Наташа обратилась ко мне за помощью, а я ее покинул. Она исчезла, а я промолчал. Правда в том, что я отказался протестовать, обличать, выступать в ее защиту по самой простой из всех причин — из-за страха. Страха перед трудностями, перед шумом в печати, перед скандалом. Кто-то назвал бы меня сумасшедшим. Или ловкачом, ищущим скандальной известности. Или подумал бы, что у меня неожиданный нервный срыв, истощение. Да-да, стали бы говорить, такое случается: Москва город безжалостный, тут работать нелегко. Чтоб выдержать, здесь надо обладать крепким здоровьем, хорошей закалкой. А ему всюду мерещатся враги. Какие-то анонимные письма. Угрозы смерти. Пропавшие девушки. Банальные совпадения, которые для него становятся доказательствами каких-то таинственных заговоров… Хорош бы я был…
Но я опасался не только того, что скажут другие. Чем дольше я думаю, тем больше уверен, что во мне таился и глубоко скрытый страх другого рода, касающийся только меня одного. Если бы наш побег удался, как мы жили бы потом? Что бы делали? Чем занимались? Мне тоже пришлось бы бежать в Италию. А что дальше? Сумела бы она выучить язык? Удалось бы ей справиться с тоской по родине? Как сложилась бы наша совместная жизнь? Наташа на восемь лет старше меня, сейчас эта разница в возрасте не чувствуется, даже, напротив, чарует, возбуждает меня, а через десять лет? Да, будущая жизнь с ней пугала меня, когда я пытался заглянуть вперед, думал о том, что будет с нами после романтических прогулок по набережным Москвы-реки…
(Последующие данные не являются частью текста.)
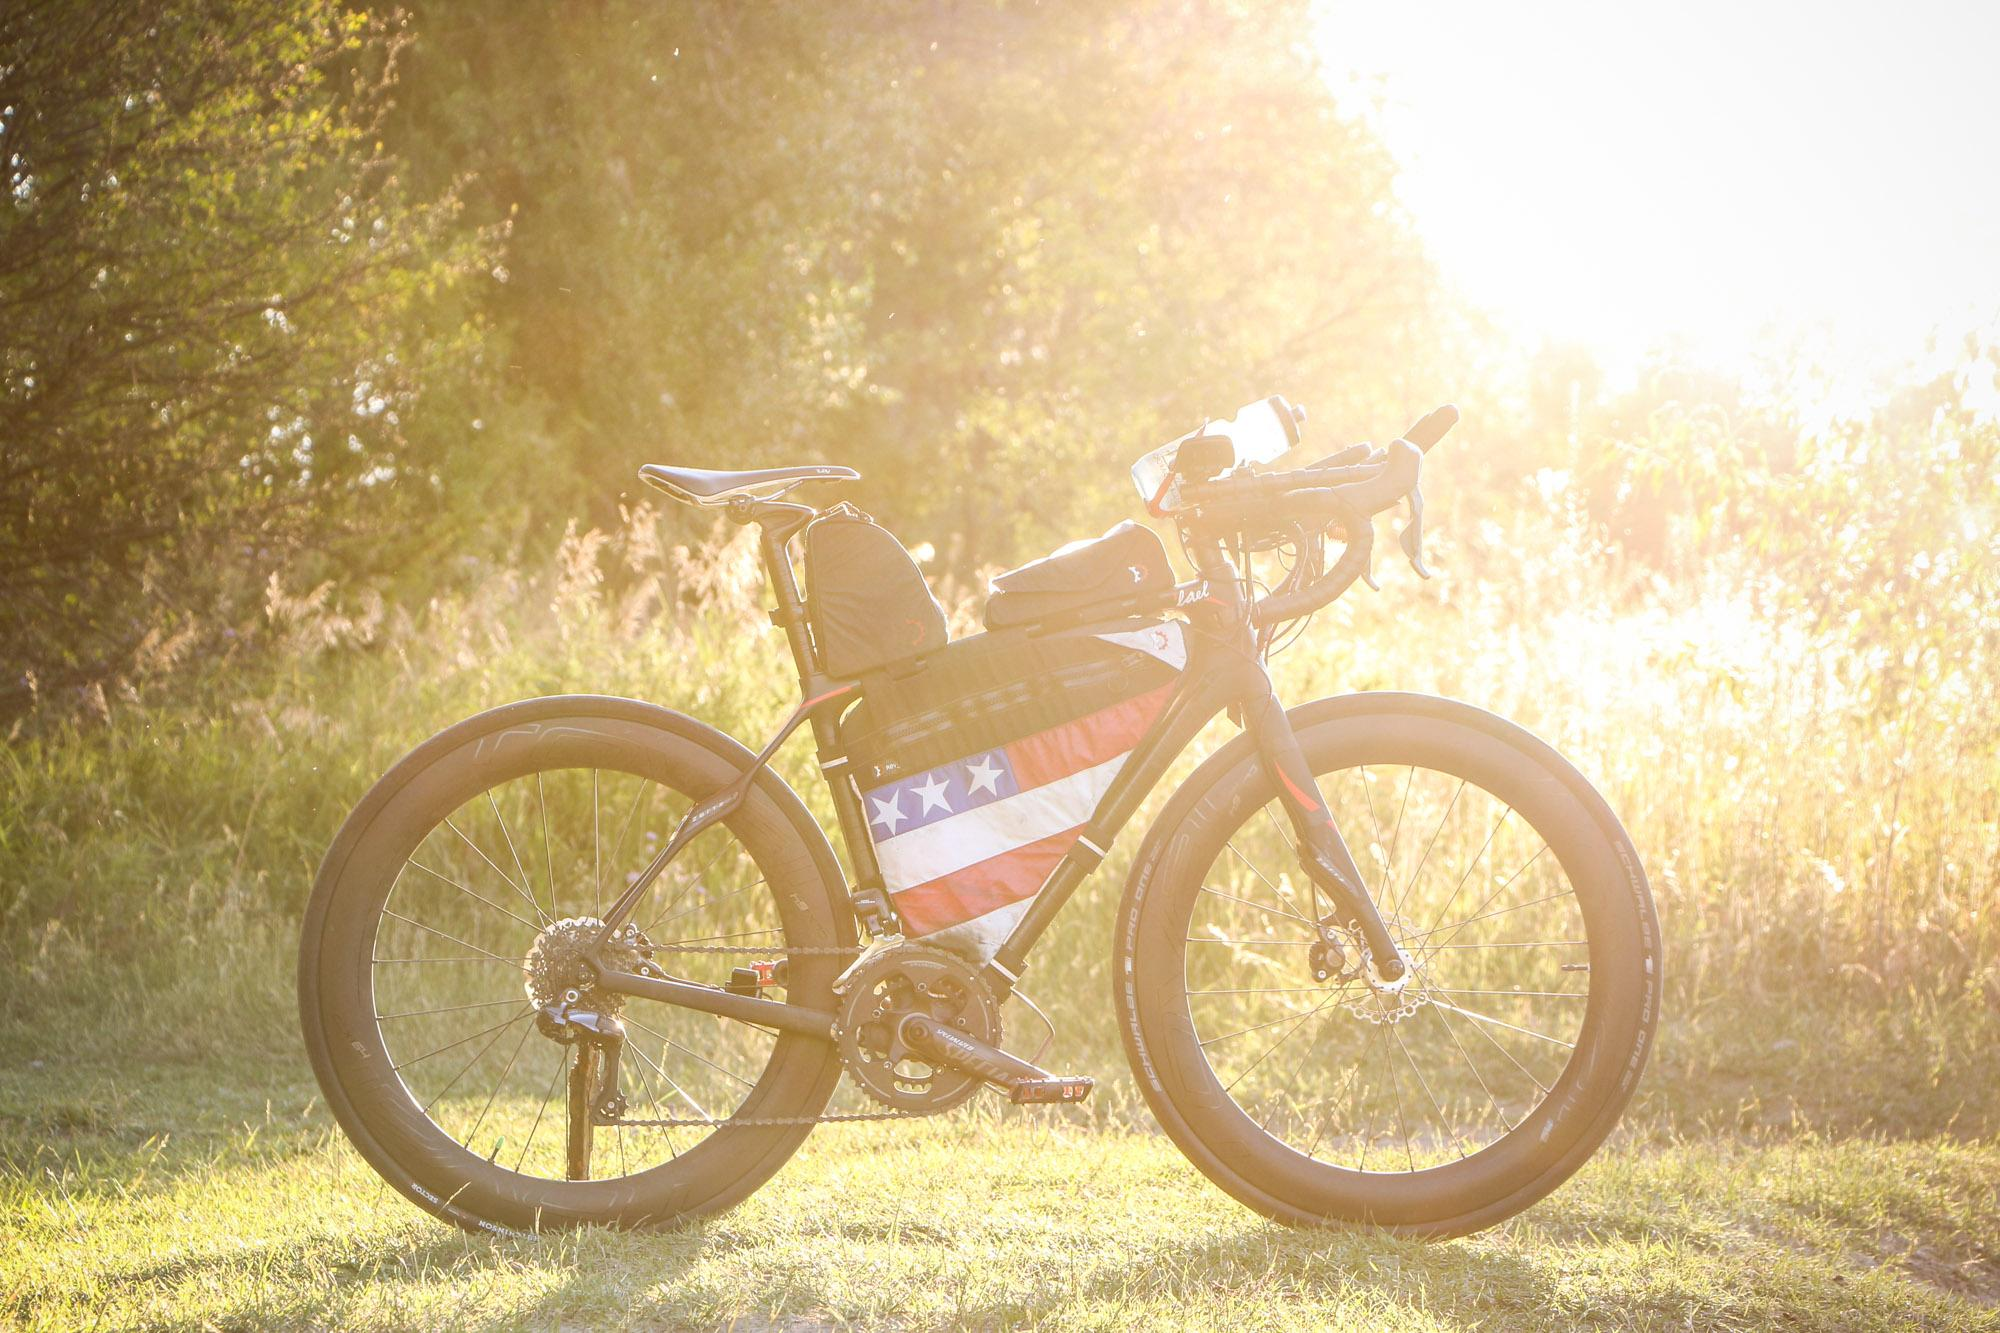 Lael Wilcox's TransAm winning bike.

Она мне нравилась, я без устали твердил: люблю тебя. Но любил ли я ее на самом деле? Вот в чем главный вопрос. Наверняка я испытываю несомненное облегчение с тех пор, как Наташа исчезла. Вспоминая теперь, вижу, что в эти последние месяцы что-то меня в ней раздражало. Какие-то ее словечки, позы начали сердить меня. Какая-то чепуха, смешные мелочи. Ее экзотичность, то, как она произносила с мягким русским акцентом какое-нибудь итальянское, или английское, или французское слово: то, что раньше меня забавляло, со временем стало чуточку действовать на нервы. И эта ее способность полностью, беззаветно отдаваться, словно то, что она должна принадлежать мне, предрешено судьбой… Мысль о том, что я спасаю впавшую в отчаяние женщину, что я ее единственная надежда на спасение, нравилась мне. Но постепенно я стал ощущать все нараставшее чувство какого-то смущения, растерянности перед лицом этих объяснений в любви. Они меня пугали. Мне казалось, что настоящая любовь не может родиться в условиях такого неравенства: я-то в любом случае всегда благополучно бы вышел из переделки, а вот она… Или бы я ее спас, или бы она погибла. И эта ее вечная жертвенность: «Если бы я тебя не встретила, моя жизнь была бы лишена смысла, я была бы готова покончить с собой, зачем мне жить?..» Сначала мне это тоже нравилось, меня покоряло. Но потом стало невыносимым. Зачем кончать самоубийством только из-за того, что тебе не хватает любимого человека? Жизнь, по-моему, стоит того, чтобы ею дорожить. Да-да, в жизни всегда есть прекрасные моменты, даже когда ты страдаешь от одиночества: закат на реке, прогулка на свежем воздухе, хороший фильм, хорошая книга, рюмочка, дешево снятый в межсезонье белый домик высоко над морем, беседа со старым другом… Весело посмеяться, от души трахнуться, на большой скорости помчаться на машине, вдыхая свежий, душистый вечерний воздух, сыграть в футбол, прыгнуть с вышки в воду, рано утром выпить чашечку «каппуччино» с бриошью в баре внизу у самого дома…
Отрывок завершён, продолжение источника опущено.